A Ceph pool is associated to a type to sustain the loss of an OSD (i.e. a disk since most of the time there is one OSD per disk). The default choice when creating a pool is replicated, meaning every object is copied on multiple disks. The Erasure Code pool type can be used instead to save space.
The simplest erasure coded pool is equivalent to RAID5 and requires at least three hosts:
$ ceph osd pool create ecpool 12 12 erasure pool 'ecpool' created $ echo ABCDEFGHI | rados --pool ecpool put NYAN - $ rados --pool ecpool get NYAN - ABCDEFGHI
the 12 in pool create stands for the number of placement groups.
The default erasure code profile sustains the loss of a single OSD. It is equivalent to a replicated pool of size two but requires 1.5TB instead of 2TB to store 1TB of data. The default profile can be displayed with:
$ ceph osd erasure-code-profile get default k=2 m=1 plugin=jerasure ruleset-failure-domain=host technique=reed_sol_van
Choosing the right profile is important because it cannot be modified after the pool is created: a new pool with a different profile needs to be created and all objects from the previous pool moved to the new.

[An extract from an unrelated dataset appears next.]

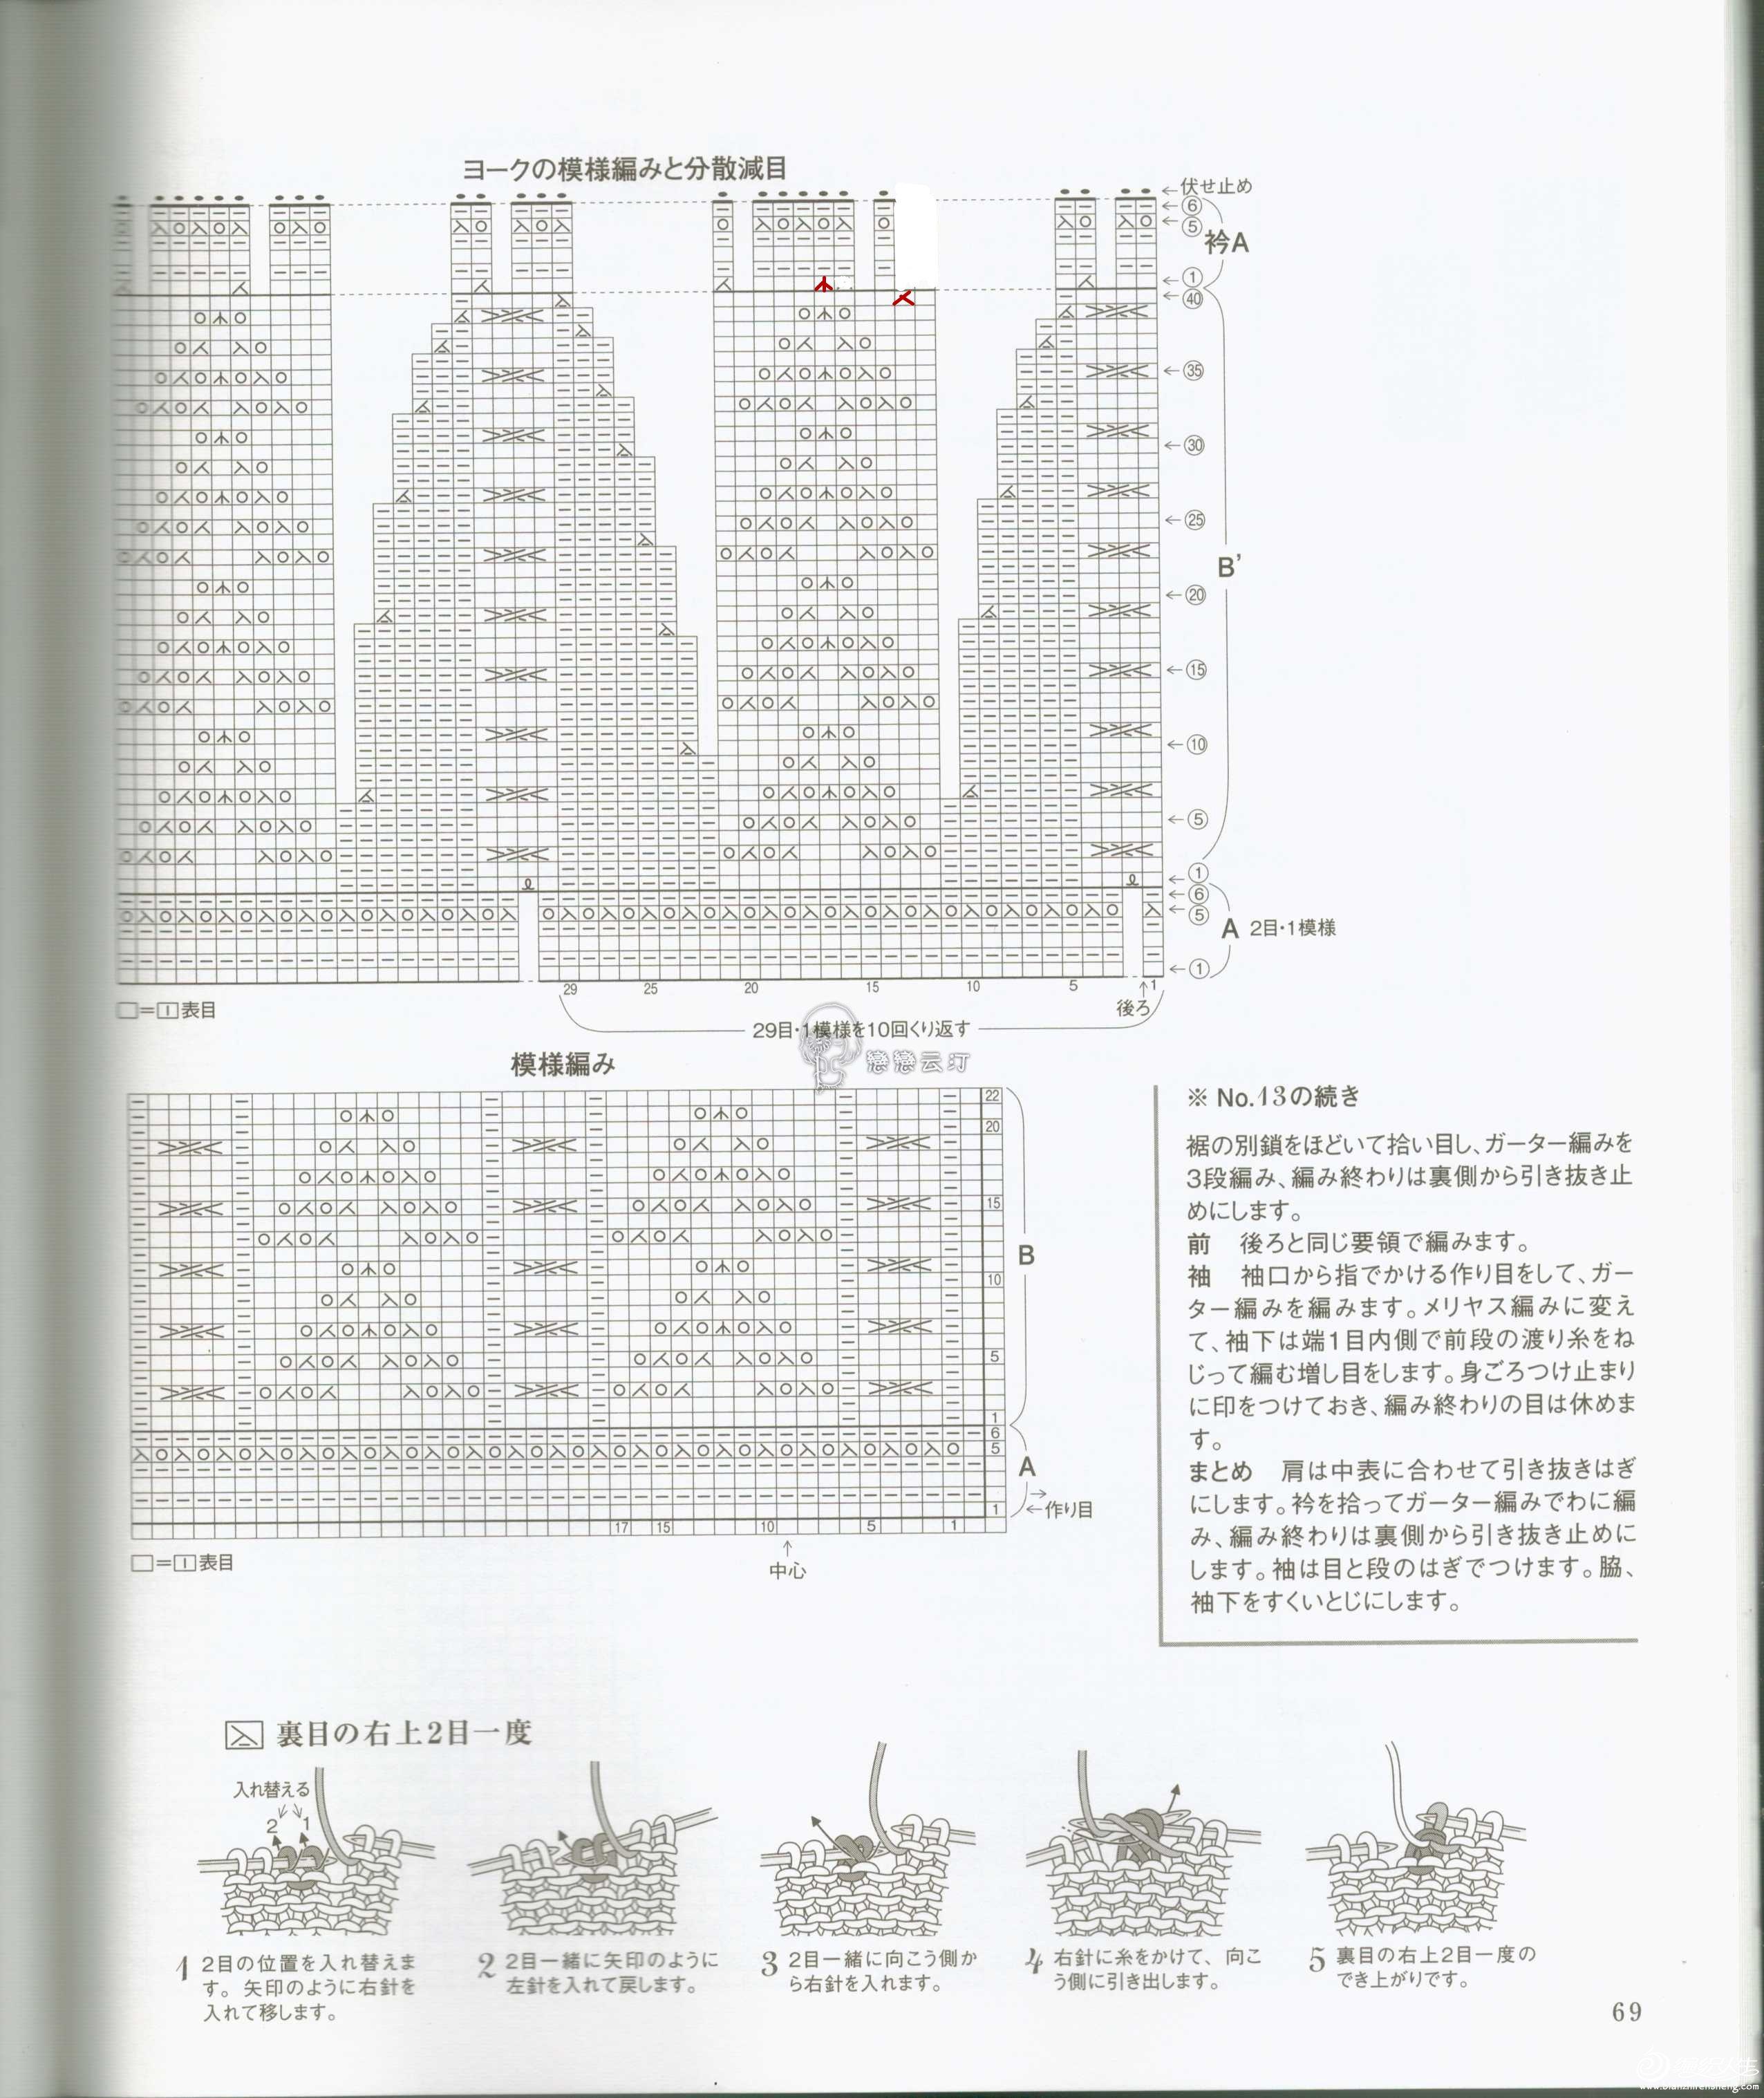 轻语图解03(修改后).jpg

The most important parameters of the profile are K, M and ruleset-failure-domain because they define the storage overhead and the data durability. For instance, if the desired architecture must sustain the loss of two racks with a storage overhead of 40% overhead, the following profile can be defined:
$ ceph osd erasure-code-profile set myprofile \ k=3 \ m=2 \ ruleset-failure-domain=rack $ ceph osd pool create ecpool 12 12 erasure myprofile $ echo ABCDEFGHI | rados --pool ecpool put NYAN - $ rados --pool ecpool get NYAN - ABCDEFGHI
The NYAN object will be divided in three (K=3) and two additional chunks will be created (M=2). The value of M defines how many OSD can be lost simultaneously without losing any data. The ruleset-failure-domain=rack will create a CRUSH ruleset that ensures no two chunks are stored in the same rack.

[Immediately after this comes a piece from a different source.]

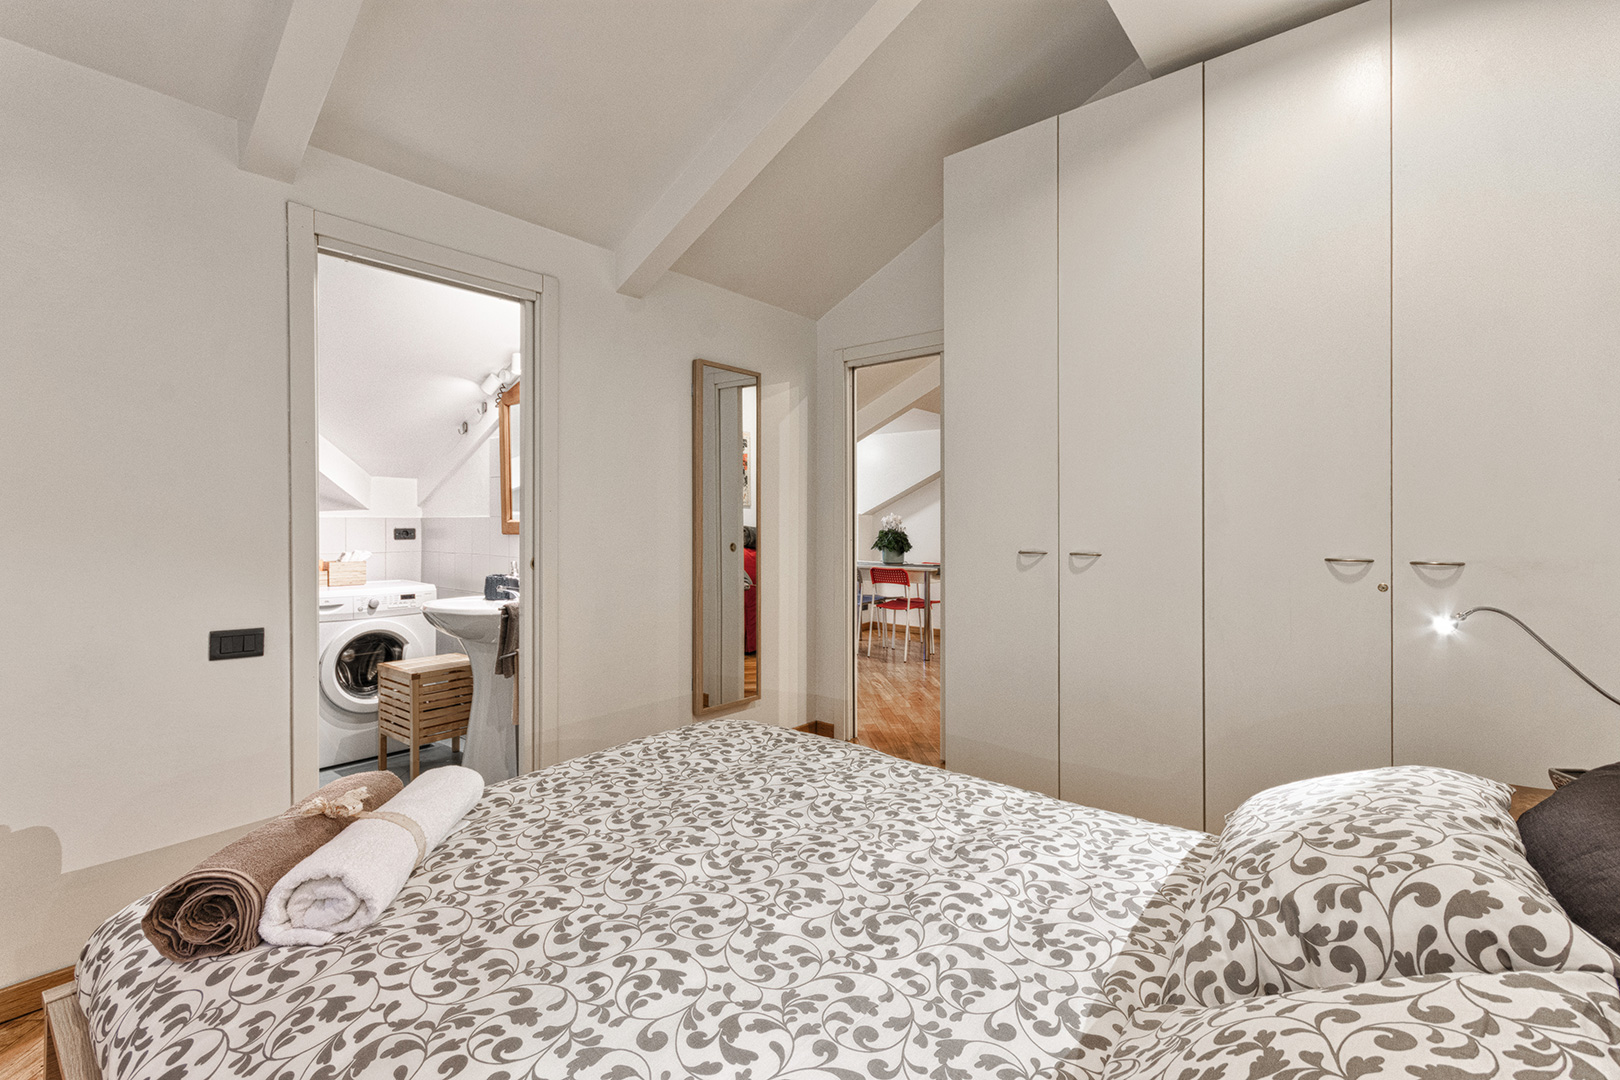 Camera da letto - Via Maria Vittoria

More information can be found in the erasure code profiles documentation.
Erasure coded pools require more resources than replicated pools and lack some functionalities such as partial writes. To overcome these limitations, it is recommended to set a cache tier before the erasure coded pool.
For instance, if the pool hot-storage is made of fast storage:
$ ceph osd tier add ecpool hot-storage $ ceph osd tier cache-mode hot-storage writeback $ ceph osd tier set-overlay ecpool hot-storage
will place the hot-storage pool as tier of ecpool in writeback mode so that every write and read to the ecpool are actually using the hot-storage and benefit from its flexibility and speed.
It is not possible to create an RBD image on an erasure coded pool because it requires partial writes. It is however possible to create an RBD image on an erasure coded pools when a replicated pool tier set a cache tier:
$ rbd create --size 10G ecpool/myvolume
More information can be found in the cache tiering documentation.